Where did spring, summer, fall go? Yeah. I have no idea. But most importantly is where will I go? Because if what I do with my routine doesn't change much, the reasons why I do things will never be the same. So why go back to school? A Master degree will give me some validation, don't you think? One more diploma, that together with the other two degrees, I can wave for attention. Tubes floating up in the air. Look at me as I'm juggling it!

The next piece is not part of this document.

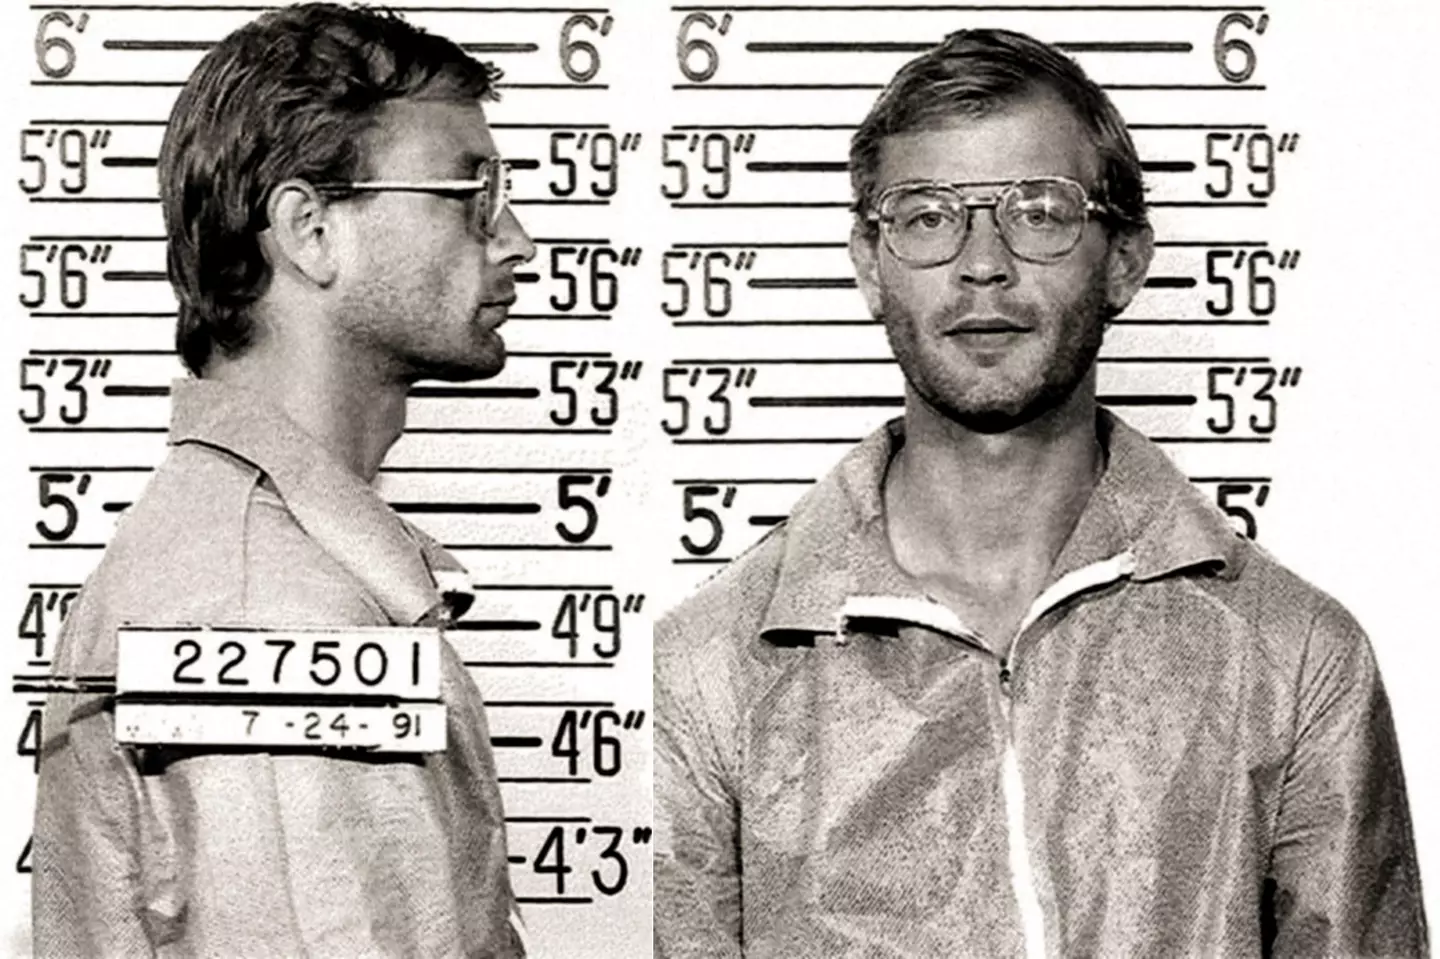 Jeffrey Dahmer was arrested in 1991 for a string of murders.

Yeah, I am questioning a lot. I am questioning everything. I am not sure of all those things I was willing to kill for, much less, the ones I was willing to die for. One thing I know. It will be winter soon. And that I won't forget.

 

Thoughts came after reading one paragraph: { "The most common ego identification have to do with possessions, the work you do, social status and recognition, knowledge and education, physical appearance, special abilities, relationships, personal and family history, belief systems, and often also political, nationalistic, racial, religious and other collective identifications. None of these is you. (...) All of these things you will have to relinquish sooner or later. Perhaps you find it hard to believe, and I am certainly not asking you to believe that your identity cannot be found in any of those things. You will know the truth of it for yourself. You will know it at the latest when you feel death approaching. Death is a stripping away of all that is not you. The secret of life is to "die before you die" - and find that there is no death." } - Eckhart Tolle, The power of Now.